In his writings, Jenkinson succinctly described, with an eye for commerce and geography, his journeys to regions never before visited by English travelers. In broad strokes he sketched Persia and its borders to other nations. As a merchant he did not fail, of course, to list the commodities that he found at the caravan market in Bukhara (q.v.): “Craska [that is, water-colored coarse linen], woollen cloth, linen cloth, pide silkes, Argomacks [that is, horses] and slaves” (Hakluyt, I, p. 332). Jenkinson was shrewd in his interactions with the shah. When the shah asked whom among “the Emperour of Almaine, King Philip, and the great Turke” he considered the most powerful player in the world, Jenkinson avoided any dispraise of the Ottoman sultan because of the “late concluded friendship” (Hakluyt, I, p. 349) between the Ottomans and the Safavids. Jenkinson’s personal impression of Shah Ṭah-māsp was that he is “nothing valiant, although his power bee great” (I, p. 351); a quality Jenkinson found confirmed when the Ottoman sultan invaded much of Persia and forced the shah to retreat. Jenkinson considered the Persians in general “comely and of good complexion,” though he disapproved of them for being “proude and of good courage, esteeming themselves to bee best of all nations, both for their religion and holiness, which is most erroneous” (I, p. 351).

The Portuguese courier António Tenreiro (fl. 1520s) had already noted the difference between Sunni and Shiʿi Islam (Lockhard, p. 381), but it was Anthony Jenkinson who first familiarized English readers with this distinction. Equally important, Jenkinson’s successful acquisition of a safe-conduct from ʿAbdallāh Khan protected English traders from misbehavior, extortion, and misappropriation and thus prepared the way for England’s future trade with Safavid Persia.

Bibliography:

Sources: R. Hakluyt, The Principal Navigations, Voyages, Traffiques and Discoveries of the English Nation: Made by Sea or Over-land, to the Remote and Farthest Distant Quarters of the Earth, at Any Time within the Compasse of these 1600 Yeeres … , 2nd ed., 3 vols., London, 1598-1600; esp. I, pp. 324-52 and II, p. 112-13 for Jenkinson’s travels; for a modern edition, see E. D. Morgan and C. H. Coote, eds., Early Voyages and Travels to Russia and Persia by Anthony Jenkinson and other Englishmen: With Some Account of the First Intercourse of the English with Russia and Central Asia by Way of the Caspian Sea, Works Issued by the Hakluyt Society 72-73, 2 vols., London, 1886.
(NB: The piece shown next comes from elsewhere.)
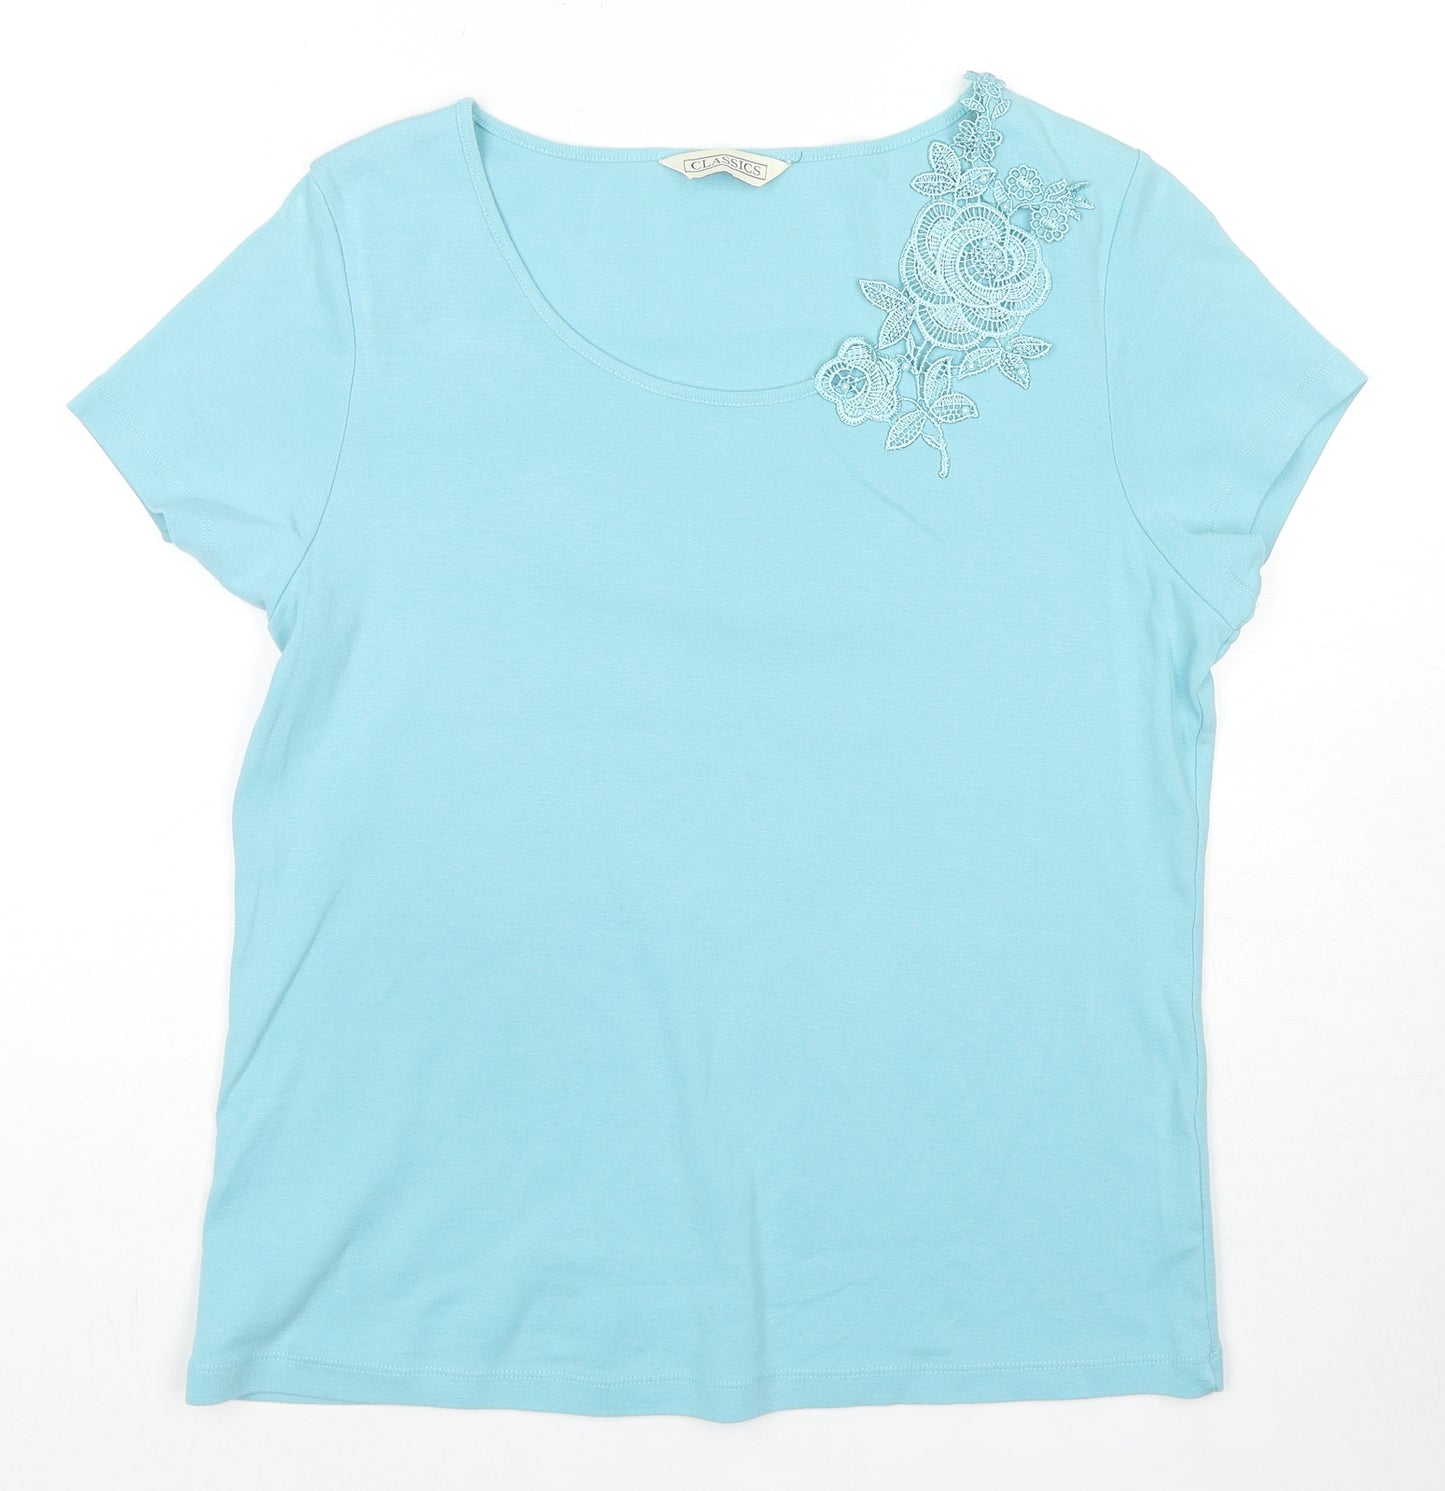 Classics Womens Blue Cotton Basic T-Shirt Size 16 Scoop Neck - Floral Lace Detail

A. Ortelius, Theatrum orbis terrarum, Dutch tr., Antwerp, 1598, Jenkinson’s map of Russia, including parts of Iran and Central Asia, follows p. 73, orig., Antwerp, 1570.

Studies: J. H. Appleby, “Jenkinson, Anthony,” in Oxford Dictionary of National Biography, ed. H. C. G. Mathew and B. Harrison, Oxford, 2004; available at http://www.oxforddnb.com/view/article/14736 (accessed on 4 January 2008).

D. W. Davies, Elizabethans Errant: The Strange Fortunes of Sir Thomas Sherley and his Three Sons, as well in the Dutch Wars as in Muscovy, Morocco, Persia, Spain, and the Indies, Ithaca, N.Y., 1967.

M. Dimmock, New Turkes: Dramatizing Islam and the Ottomans in Early Modern England, Aldershot, Hampshire, 2005.

R. W. Ferrier, “The Terms and Conditions under which English Trade was Transacted with Safavid Persia,” BSOAS 49, 1986, pp. 48-66.

J. Keuning, “Jenkinson’s Map of Russia,” Imago Mundi 13, 1956, pp. 172-75, esp. p. 172 and fig. 1 for the version reproduced in Ortelius.

L. Lockhart, “European Contacts with Persia, 1350-1736,” Camb. Hist. Iran VI, 1986, pp. 373-411. M. B. G. Morton, The Jenkinson Story, Glasgow, 1962.

B. Penrose, Travel and Discovery in the Renaissance, 1420-1620, Cambridge, Mass., 1955.

T. S. Willan, The Early History of the Russia Company, 1553-1603, Manchester, 1956.